Colonel Winter (James Gandolfini) is the warden of a military prison. He believes obsessively in order and control. Winter, although he would never openly admit it, is ashamed of his rank and feels as though his superiors in the army are always looking down on him. Therefore, he gets a power trip off his rule over the prisoners. During a break in the prison yard, Winter puts out only one basketball, thus instigating a fight. During this time he says to one of his officers, “men are so easy to manipulate.”
General Irwin (Robert Redford) is a well-respected wartime hero who is transferred to Winter”s prison. It is not said, purposely, why he is being sent to prison, but it is mentioned by Winter right off that Irwin should have a base named after him and not a jail sentence.
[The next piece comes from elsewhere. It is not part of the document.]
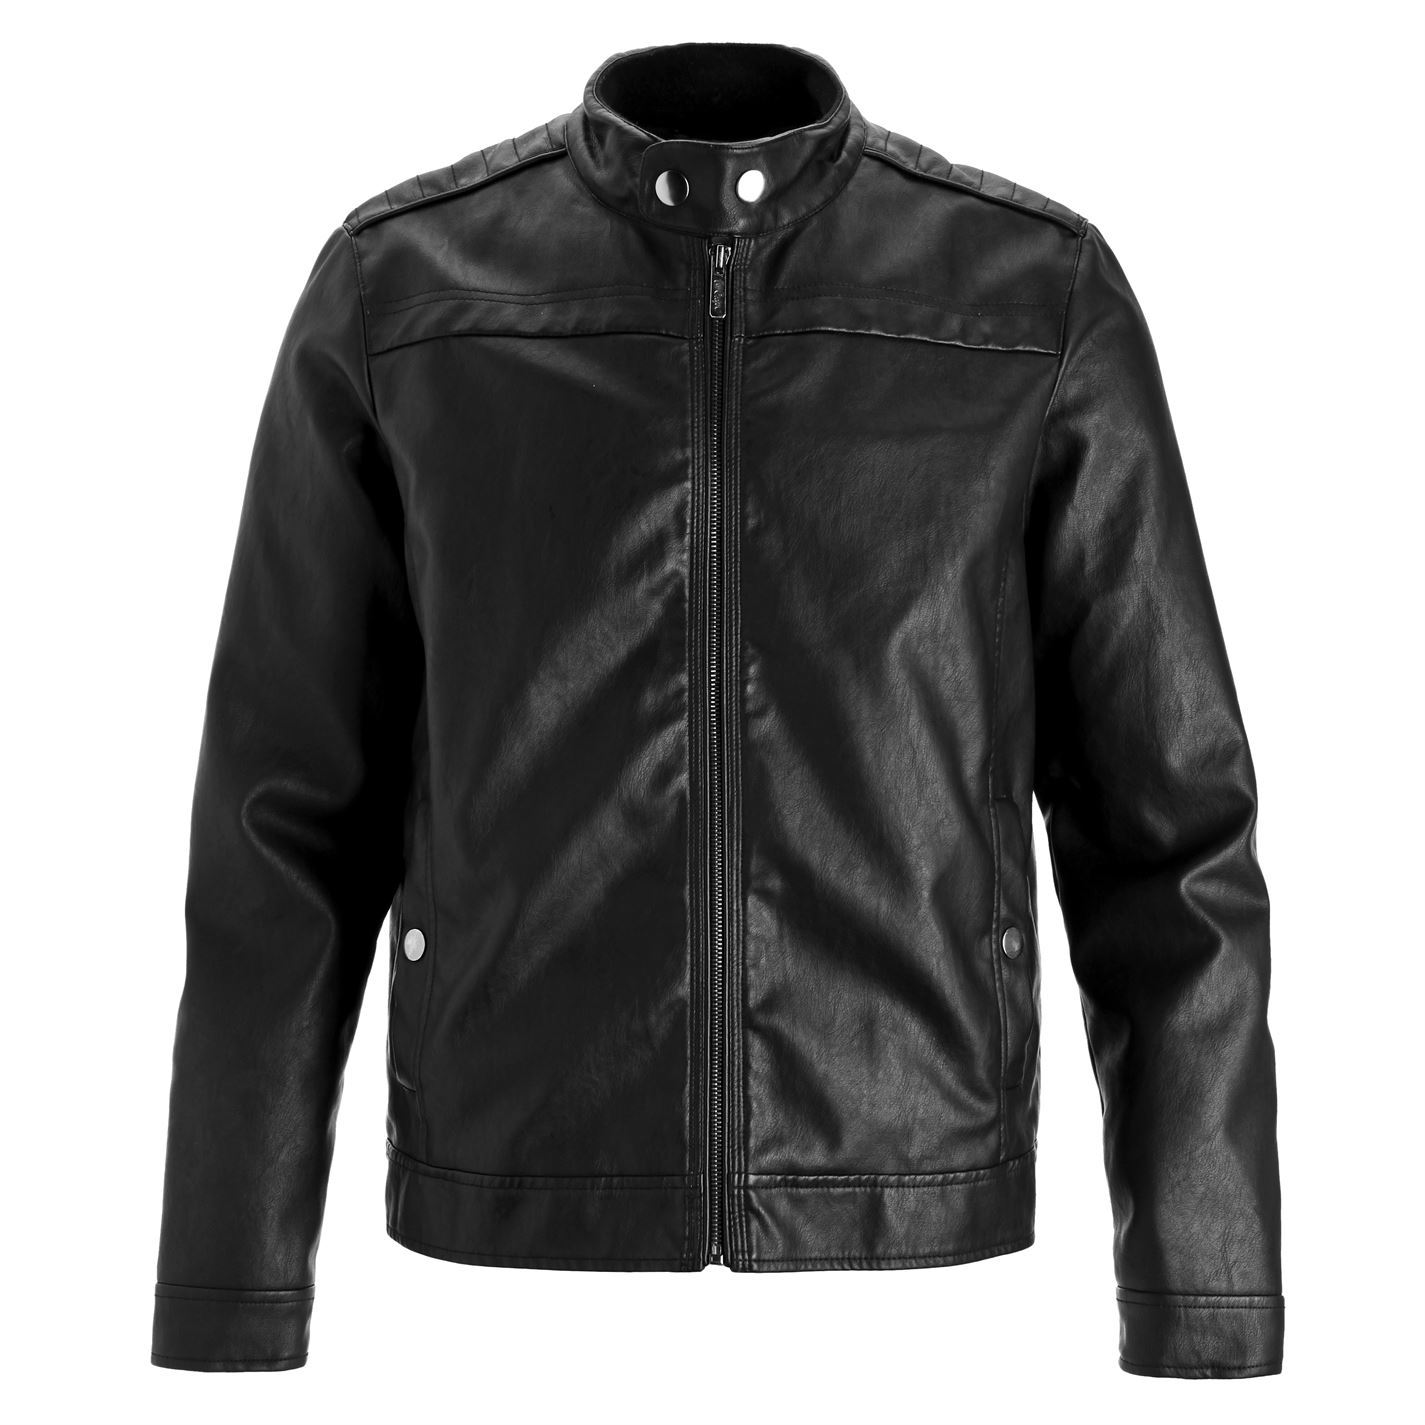 Lee Cooper Classic PU Jacket Mens Black Coat Outerwear | EBay

He admires Irwin, and yet he is threatened by him. This is exacerbated by the fact that every prisoner knows of and is in awe of the General”s presence in the prison. The prisoners hold him in much greater esteem than their warden.
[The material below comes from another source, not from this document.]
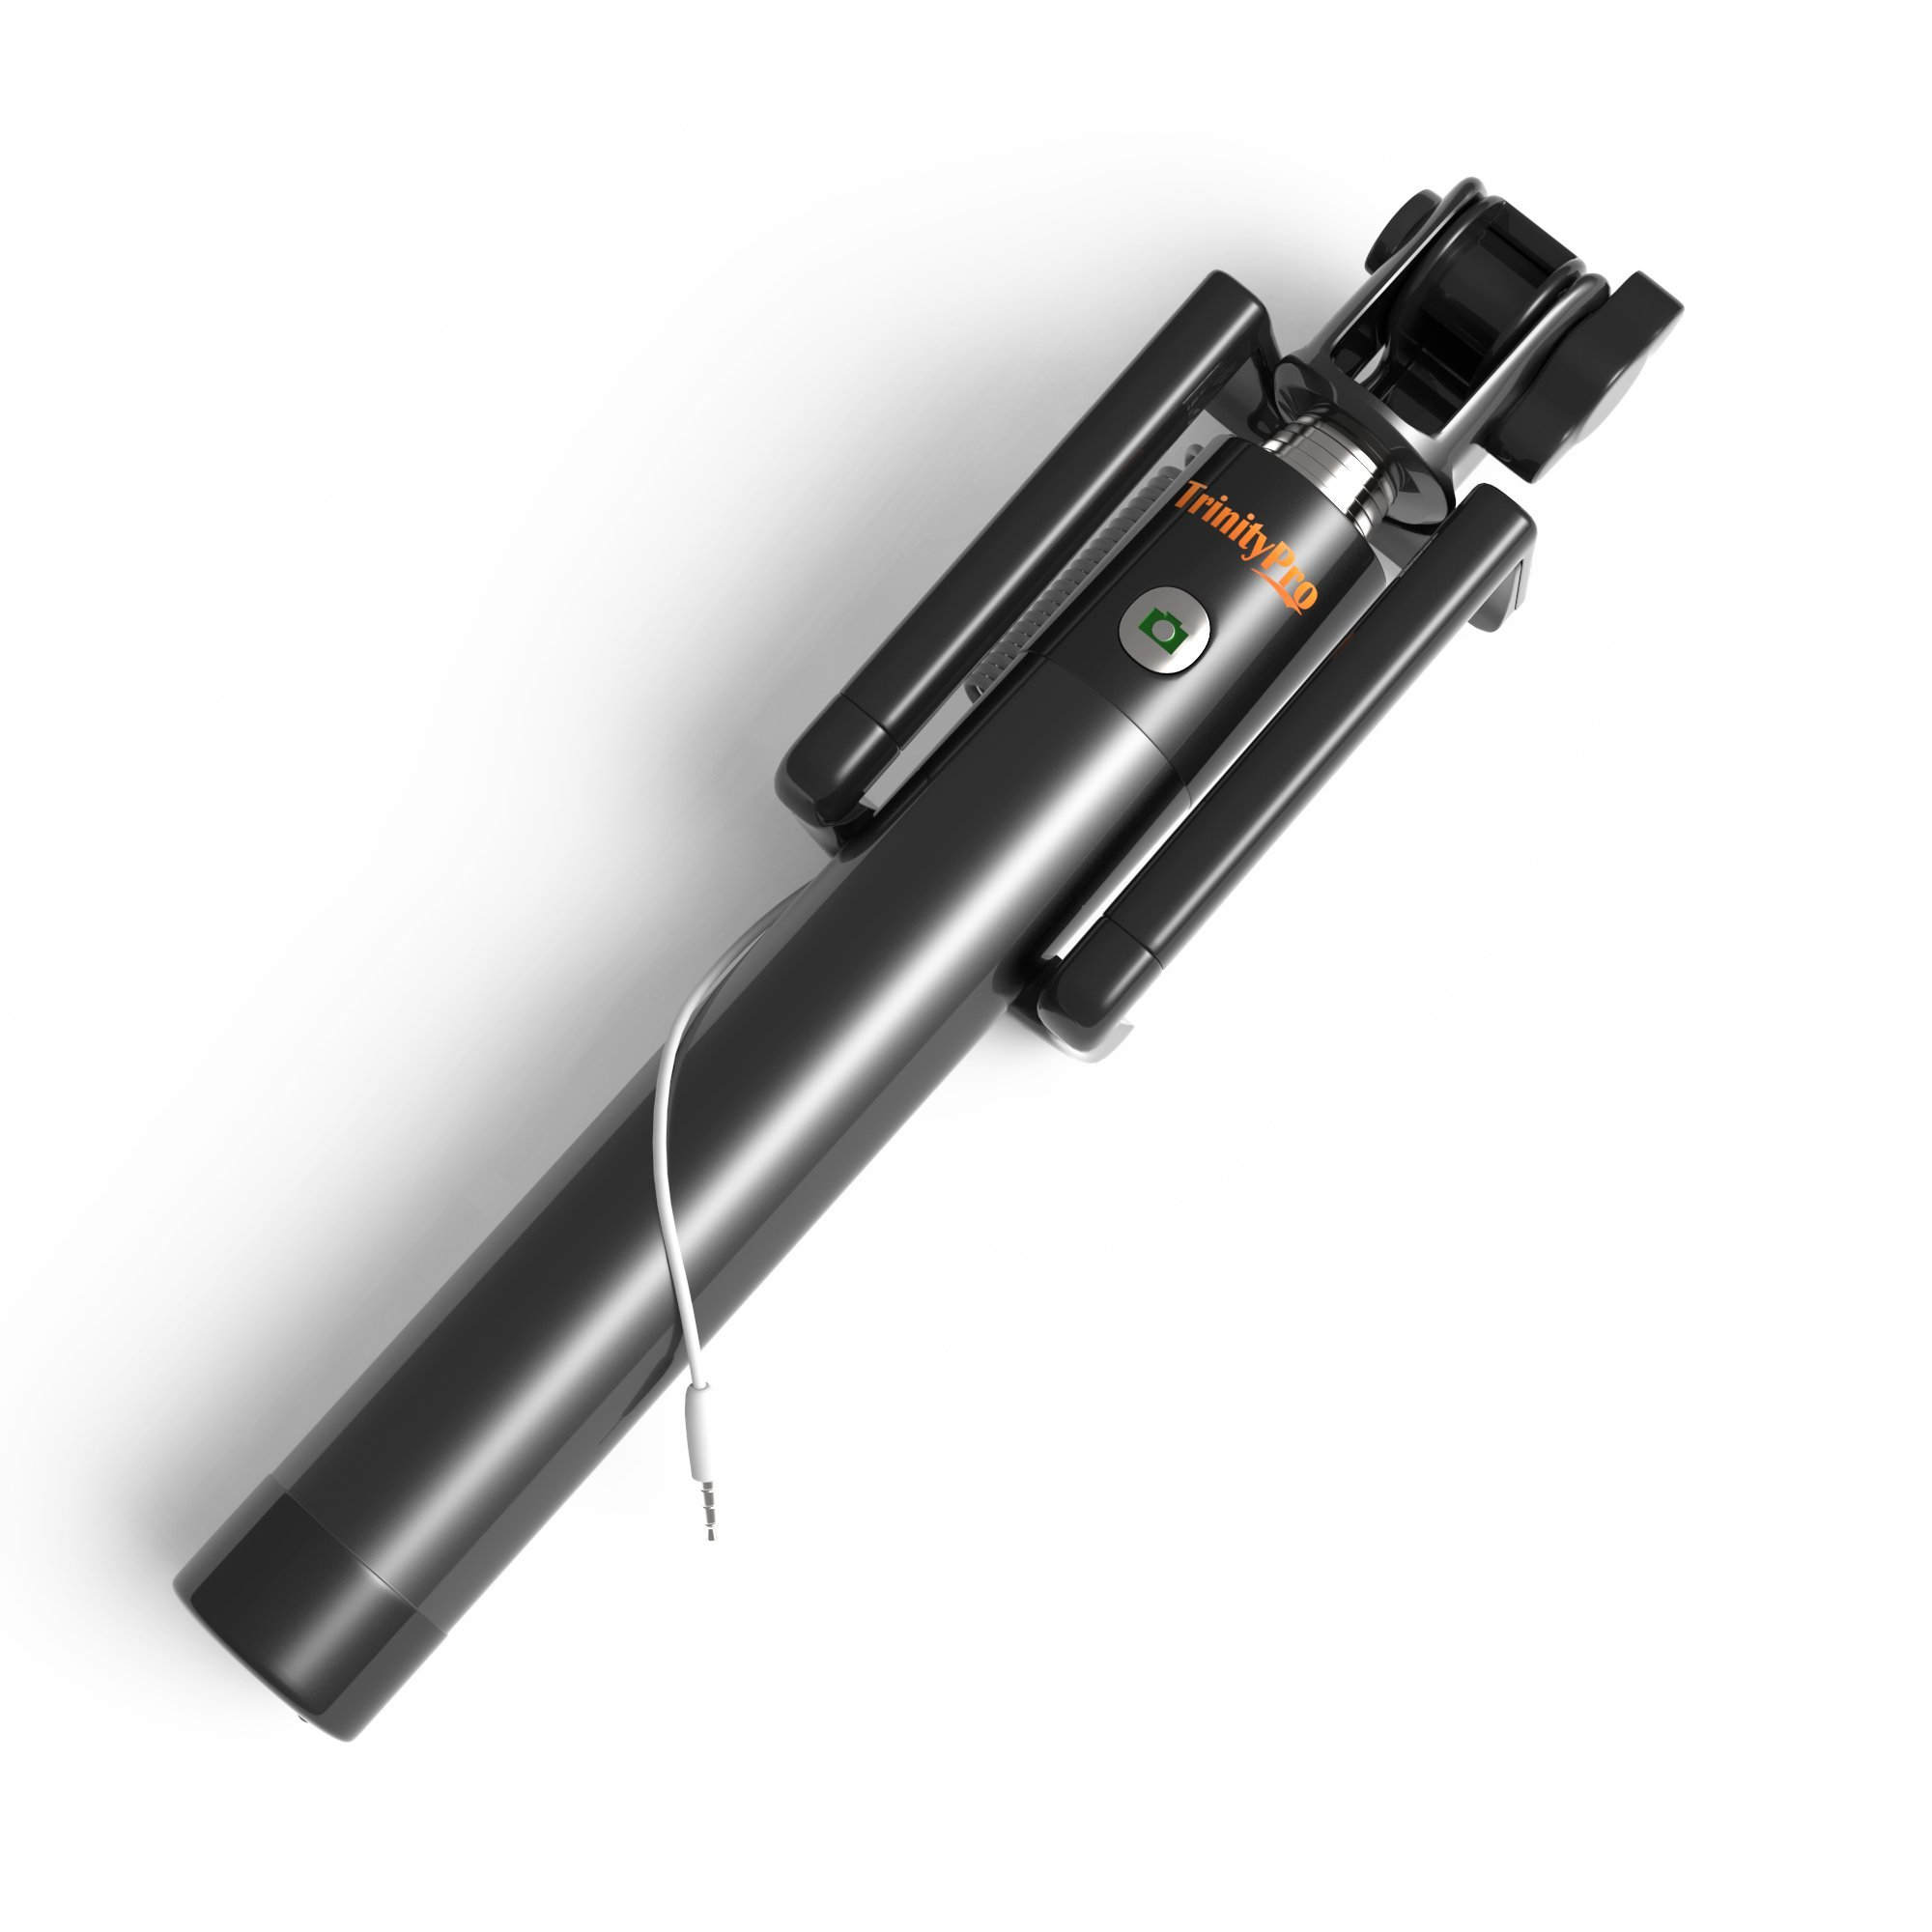 THE Best Selfie Sticks- LIFETIME Direct Connect =No Bluetooth! Adjustable For All Phones- iPhone 6/5 Samsung Galaxy S5 & More- Portable Plus Retractible- iExplore GoPro Lightweight Hi-Grade Aluminum

The prisoners are excited to have Irwin in their midst for a variety of reasons, the most important being that they want him to help take down Winter, whose cruelty over the past few years has not gone unnoticed by anyone, and the number of “accidental” deaths keeps rising. So the power struggle ensues as well as a fight to see who the last man standing will be.
“The Last Castle” is a war movie. It may appear to be a rip-off of “Shawshank Redemption” and yet, even though there are a number of similarities, “Castle” resembles “Saving Private Ryan” in many ways more than any prison movie out there. All the ingredients of a good war movie are included, and with as much talk about rank, honor and the inner-soldier in every man, you might find yourself waiting for the big battle scene on the frontline, so to speak. Well, if you are that person, you won”t be disappointed because sure enough there is one!
It almost seems redundant to say that Redford was absolutely wonderful as General Irwin in this movie. His cool, calm manner that just oozes admiration was ever-present. However, none of this will really be new to anyone who has ever seen Redford in action before. The more surprising performance came from Gandolfini. With his success in “The Sopranos” and the praise he got for his work in “The Mexican,” it should not really be astonishing to anyone that he was amazing.
With so many actors these days taking the easy way out by always signing up for the same role movie after movie, it is refreshing to see someone push himself to his limit. Gandolfini is a very talented man to watch, and it is exciting to see him in such vastly different roles all the time and so brilliant in all of them. One could even go so far as to say that he certainly was the king in this “Castle.”